Getting a child in an out of a rear-facing car seat is hard. So is hauling around a booster seat every time a child changes cars. Getting a child to wear a helmet every time they get on a bike feels all but impossible. As for teen driver laws, it would be so much easier to simply send a teen on their way no matter the hour or how many other passengers there are in the car.

These laws, however, are designed to keep vulnerable young people safe when they’re on or near the road—and that makes them well worth upholding.

Guest post: Fay Niselbaum is a content specialist at The Law Office of Zev Goldstein PLLC. Fay loves cooking, blogging, and spending time with her family.

Copyright 2015 Safe Ride 4 Kids. All rights reserved. You may not publish, broadcast, rewrite or redistribute this material without permission. You are welcome to link to Safe Ride 4 Kids or share on social media.


  1. Do strict bike helmet laws translate into fewer brain injuries and fatalities when cycling?

    While I admittedly know little about laws for youth cycling, much of what I’ve read about mandatory adult helmet laws indicate that they tend to discourage cycling, since the effect of such laws is to simply discourage people from cycling. That translates to less safety, as one of the most direct correlations for safe cycling conditions is the “safety in numbers” effect.

    It’s a little counterintuitive, but if a well-intentioned helmet law is actually putting a stigma on cycling and encouraging teenagers to get behind the wheel of a car rather than ride their bicycle, we should look a little deeper into what laws work to get the safest results.
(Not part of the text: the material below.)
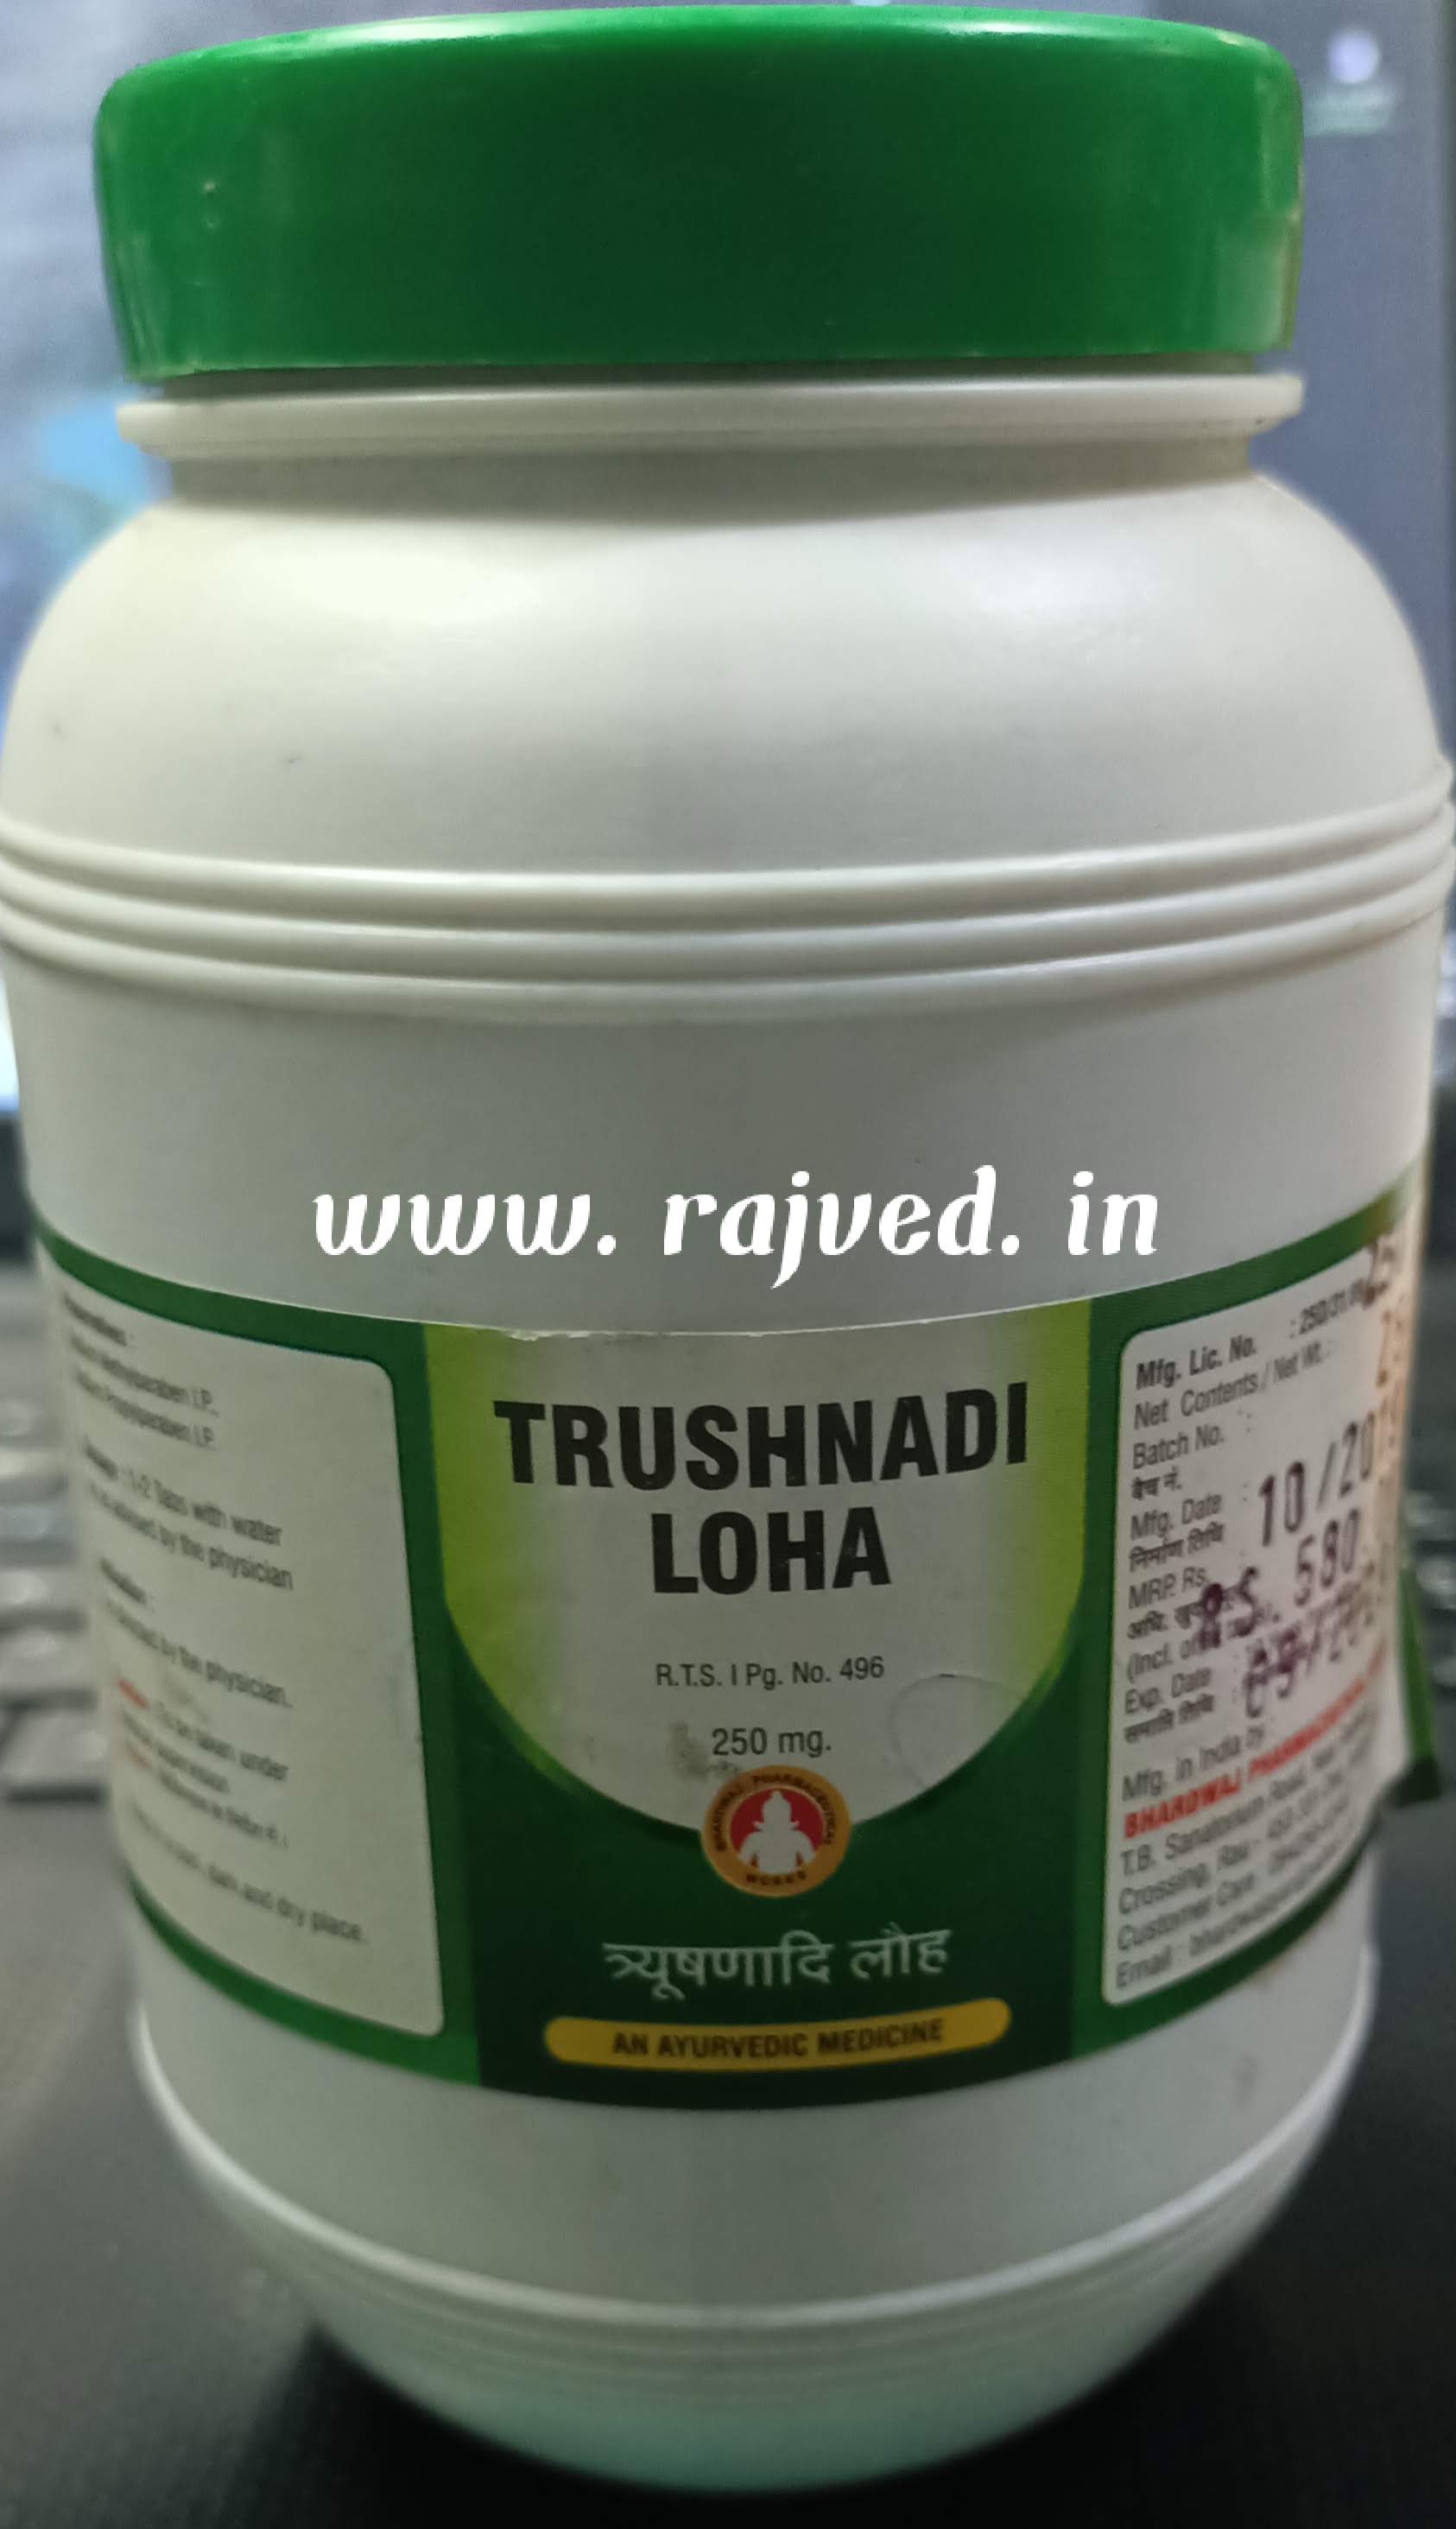 trushnadi loha 60 tablet upto 20% off bhardwaj Pharmaceuticals Indore

    I assume that scientific analysis of youth helmet laws and adult helmet laws are vastly different (and I imagine the science gets especially fuzzy at the boundary between youth and adulthood) but please don’t assume that stricter is better without also looking into the safety records of those individual states to see if the laws are successful in preventing injury and death.

    And let’s look beyond our borders, too. When it comes to having safe streets and low vehicle-related fatalities per capita, a simple chart on Wikipedia will show clearly that we’ve got a bit to learn about what methods work well for making our streets safer.

    1. Thank you for sharing that different perspective with our readers. I will forward your comment to the guest author who wrote it.